Invecchiare con grazia

Invecchiare con grazia. Già, è una parola. Ci si prova, in mancanza di valide alternative; ma resta il fatto che l’immagine di te che hai dentro resta più o meno uguale, ed è quella che ti aspetti di ritrovare nello specchio, mentre lo specchio racconta un’altra storia, e la faccia che ci vedi lì smette di corrispondere a quella che credevi di conoscere meglio di qualunque altra.

Si invecchia comunque, con grazia o senza. E la mareggiata mi lascia un sapore dolceamaro di scelte fatte per far piacere ad altri più che a me stessa. Scelte che qualche volta si sono rivelate comunque giuste, e qualche volta no. Qualche volta mi hanno comunque portato, attraverso percorsi tortuosi e nient’affatto geometrici, verso la realizzazione di un qualche tipo di sogno, e qualche volta no. È il momento per me di decidere davvero, una volta per tutte, quello che desidero fare, e imperniare la mia vita su quel desiderio.

In uno dei primi ricordi che ho, ero sotto un tavolo.

Credo fosse una stanza dei giochi.
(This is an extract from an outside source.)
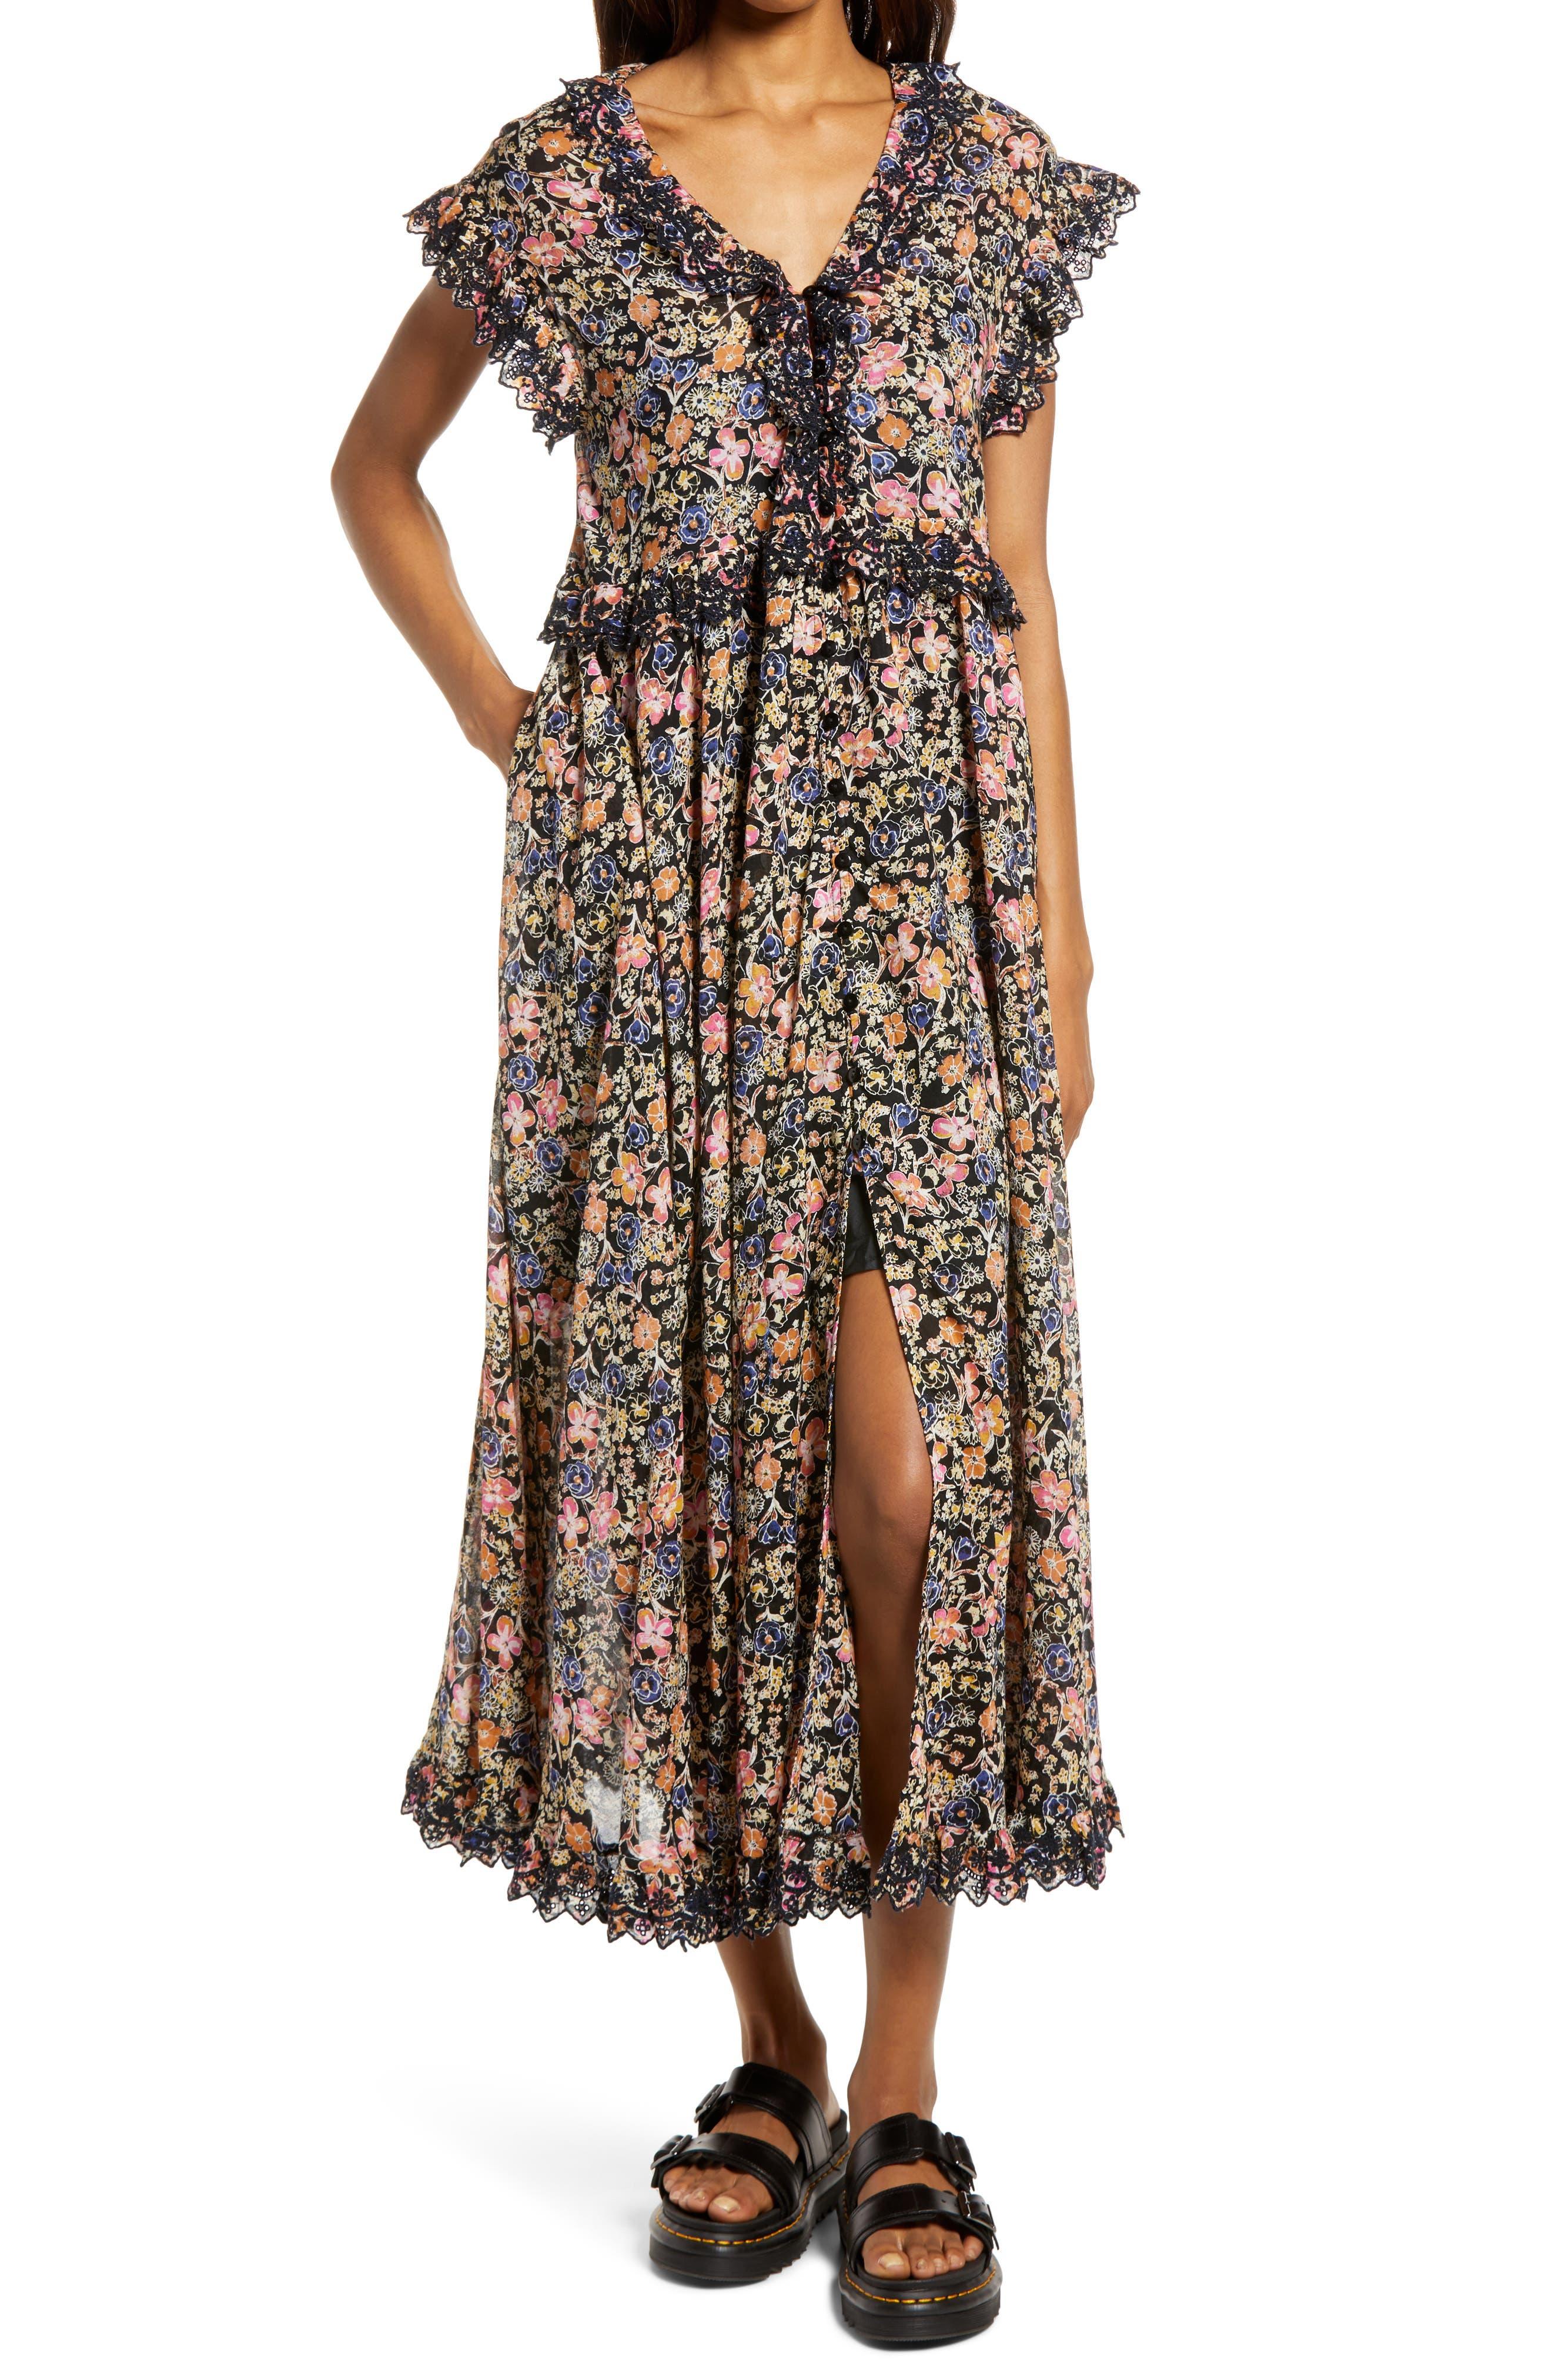 Milania Maxi Dress

Da successivi racconti di mia madre, ho dedotto che forse si trattava del posto dove mi aveva portato una volta o due nel tentativo, del tutto fallimentare, di farmi avvicinare all’inglese prima del tempo. Era la lingua di mio padre, dopotutto. Ed era per questo che lo odiavo, ed è per questo che dopo l’ho tanto amato.

Ecco, penso di aver trascorso un sacco di tempo sotto qualche tavolo, nella mia vita. Di solito era un tavolo metaforico, ma la ragione era sempre la stessa: volevo giocare, volevo conoscere gli altri, volevo scrivere, volevo fare la regista, la professoressa, volevo lavorare all’estero, volevo, volevo, volevo; ma la paura è (quasi) sempre stata più forte.

All’asilo, nel pomeriggio, ci facevano stare con “le mani in seconda”, braccia appoggiate al banco e testa sulle braccia, per fare il riposino. Avevo tante cose da fare, da immaginare, ed ero lì costretta su quel maledetto banco a far finta di dormire.

Da lì mi è rimasta una fortissima resistenza a dormire al pomeriggio – non lo faccio mai, a meno che non sia completamente sfinita – e un odore di pasta al sugo di cui non ho mai più sentito l’uguale, ma che doveva essere davvero insopportabile. Qualche volta, mi pare di avvertire qualcosa di simile, ed è sempre in luoghi e momenti sgradevoli. Avrei preferito le madeleines.

Dovevo apparire davvero infelice, e mia madre decise di risolvere la situazione. Mi mandò a scuola in anticipo, a cinque anni, a costo di iscrivermi a una scuola privata, perché quella pubblica al tempo non accettava primini sotto i sei anni.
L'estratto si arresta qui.